陸千帆一聲低喝,十二騎龍魂衛瞬間散開,金光閃爍,刀光凜冽,往山道兩側一紮,氣場直接拉滿。
杜明鋒不再廢話,抬腳踏上第一級漢白玉台階。
剛踩上去——
咚!!
腳下石板像顆活心髒,猛地劇烈一跳!
緊接著,山道兩旁的古柏蒼鬆突然瘋了一樣劇烈顫抖。
樹幹“哢嚓哢嚓”裂開一道道口子,裏麵鑽出一張張扭曲痛苦的人臉,有男有女,有老有少,全是被汪家活祭在這裏的人命。幹枯的枝椏瞬間變硬,化作帶倒刺的漆黑鋼鞭,密密麻麻、鋪天蓋地,朝著杜明鋒瘋狂抽來!
“吼——!!”
鬼哭狼嚎之聲響徹山坡,陰風卷著碎石亂飛。
尹新月嚇得臉色發白:“是妖樹!被怨氣養出來的妖樹!”
“擋路?”
杜明鋒眼神一戾,嘴角勾起一抹狠笑。
“道爺這兒不興‘愛護花草’,隻懂暴力清場!”
他手腕猛地一擰,雷龍裂山棍紫光暴漲,整個人化作一道紫色旋風,直接衝進樹枝海裏!
哢嚓!崩!轟!啪!
凡是抽過來的鋼鞭樹枝,一碰雷光,瞬間炸成飛灰。
可這些鬼樹邪門得很——
斷一根,長十根;砍一片,冒一片!
地下更恐怖,碗口粗的樹根像黑色巨蟒,破土而出,“唰”地一下纏住杜明鋒雙腿,拚命往地下拖,還在瘋狂吸他氣血!
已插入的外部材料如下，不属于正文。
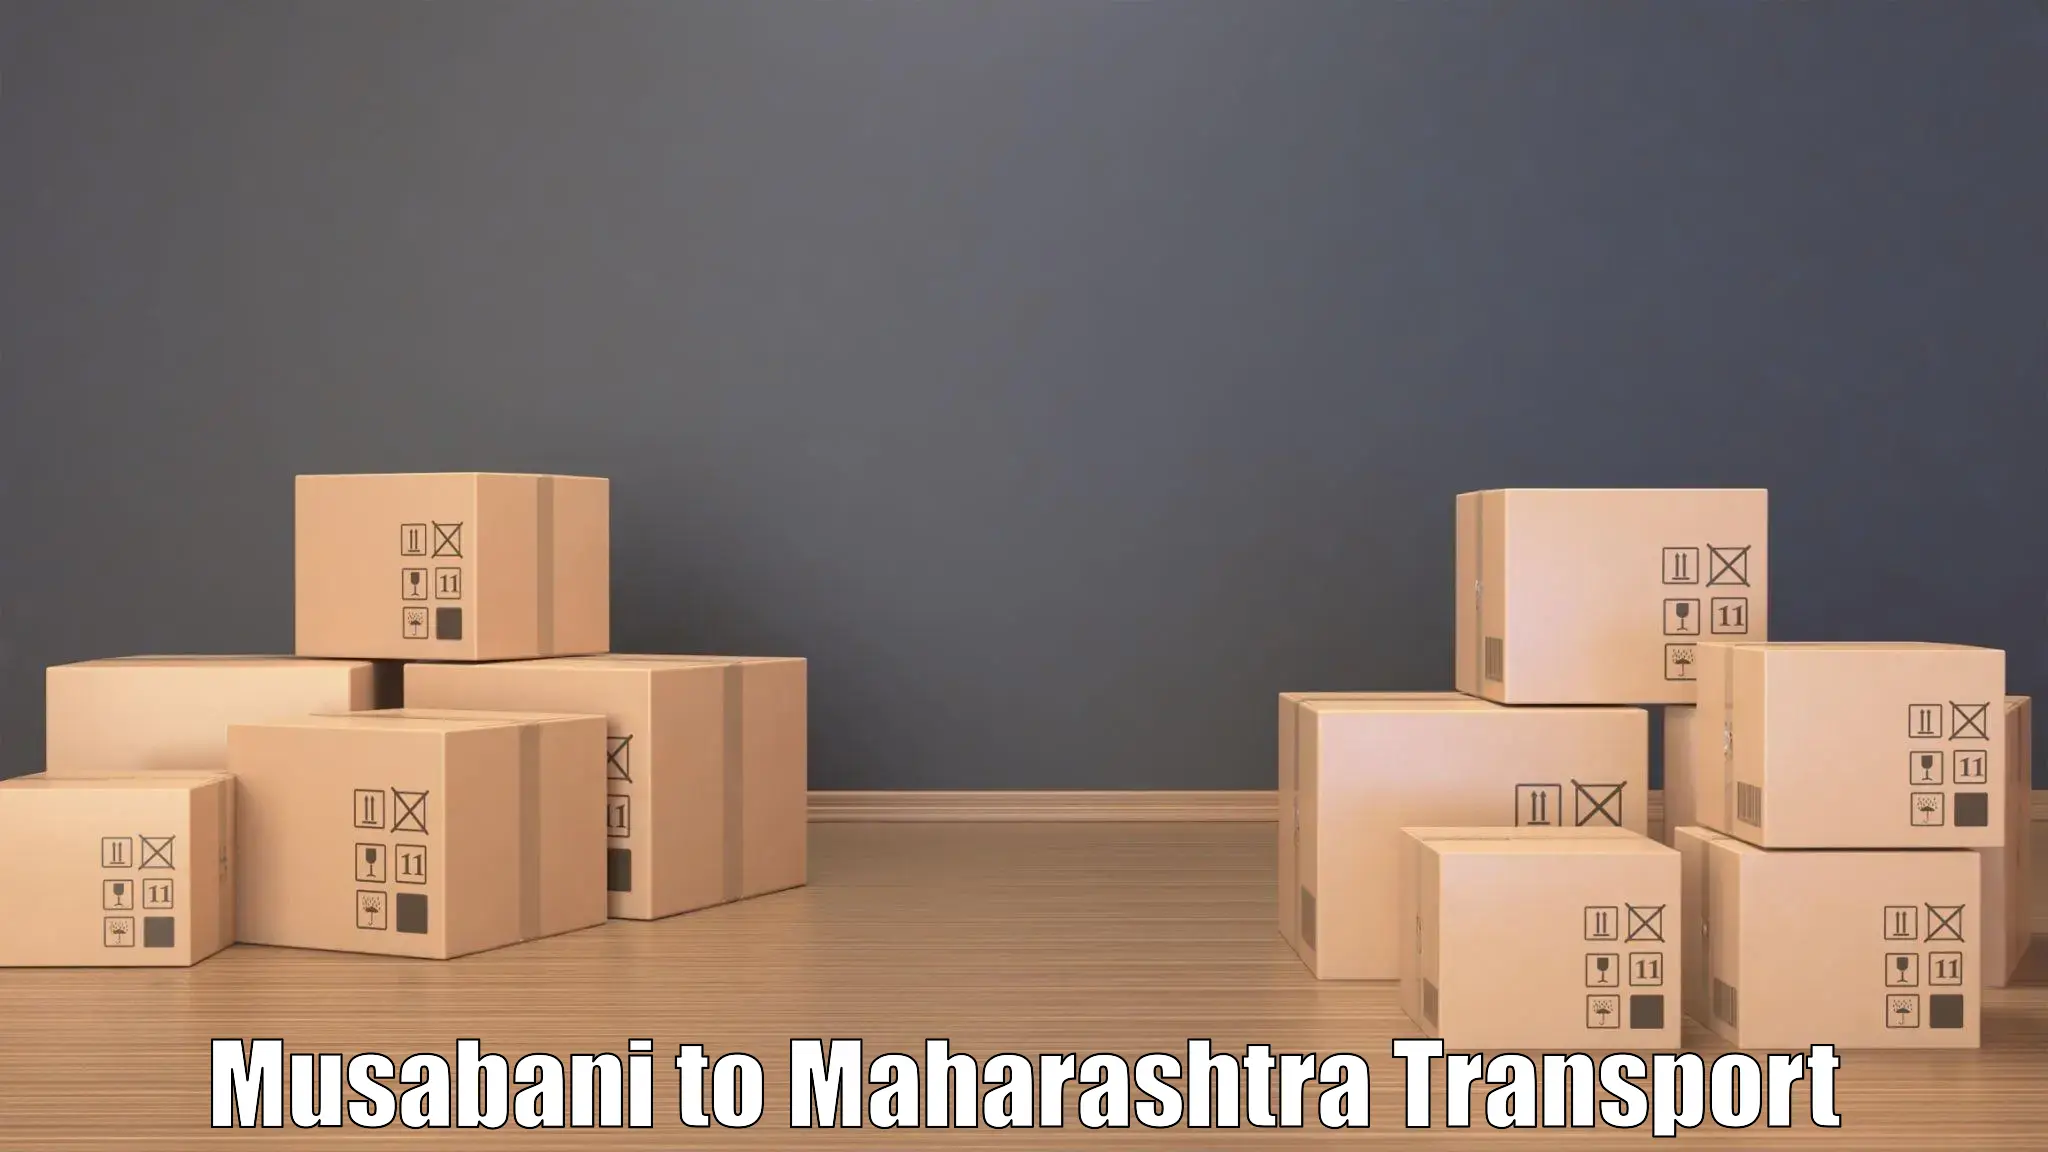 Cargo transport services Musabani to Mahabaleshwar

“杜爺!那是地縛靈根!在吸你陽氣!越打越多!”齊八爺在下麵急得跳腳。
“吸我的血?怕你撐死!”
杜明鋒冷笑,左手虛空一劃,一張燃燒著紫光的【五雷焚火符】直接拍在樹根上!
“【通天籙·地火焚城】,給老子燒!”
轟——!!!
紫色雷火順著樹根瞬間席捲整座山坡!
鬼哭狼嚎響徹雲霄,樹幹上的人臉發出淒厲慘叫,火光衝天,黑煙滾滾。杜明鋒踩著火海,一路橫掃,硬生生把成片妖樹燒得幹幹淨淨,山道上留下一條焦黑的“暴力通道”。
可剛衝過半山腰,第二重陰招又來了。
迷霧一卷,眼前景象驟變——
山頂萬春亭前,整整齊齊、黑壓壓跪了一大片人影。
清一色明朝官服,頭戴烏紗,腰係玉帶,卻個個低著頭,雙手捧著血淋淋的帽子,場麵詭異到極致。
杜明鋒腳步一頓。
下一秒——
“杜明鋒——!你毀我大明龍脈——!爾乃亂臣賊子——!”
千百道聲音同時炸開,匯成一股恐怖音浪,直衝腦海!
杜明鋒隻覺腦袋“嗡”的一聲,眼前瞬間浮現幻象:屍山血海、刀光劍影、皇宮大火、百官哭號……一股極致的壓抑和愧疚感,瘋狂往他腦子裏鑽!
“是百官哭喪陣!”
齊八爺抱著頭嘶吼:“這是朱祁鈺被廢時,滿朝文武的怨念凝成的!專門亂人心神!不能硬闖,得慢慢化解!”
“化解個屁!”
杜明鋒猛咬舌尖,一口真陽血“噗”地噴在雷龍裂山棍上!
棍身金光大盛,雷光咆哮!
他雙手握棍,掄圓了,直接對著那片跪滿地的百官虛影,狠狠橫掃!
“生前護不住江山,死後在這兒擋道?
【通天籙·震山河】!通通給我碎!”
一棍下去!
紫色雷光如海嘯般炸開!
那些明朝百官虛影連慘叫都來不及,瞬間被暴戾雷罡轟成漫天飛灰,煙消雲散。
幻象一破,杜明鋒眼前一清,終於殺到了山頂。
可眼前一幕,讓他眼神徹底沉了下來。
萬春亭哪裏還是亭子?
五座亭子被黑霧連成一片詭異迷宮,亭與亭之間黑氣纏繞,形成四道黑色光柱,源源不斷往中央輸送怨氣。最中央那座主亭頂上,朱祁鈺端坐其上,屁股底下不是石凳,是一座白骨堆成的小龍椅。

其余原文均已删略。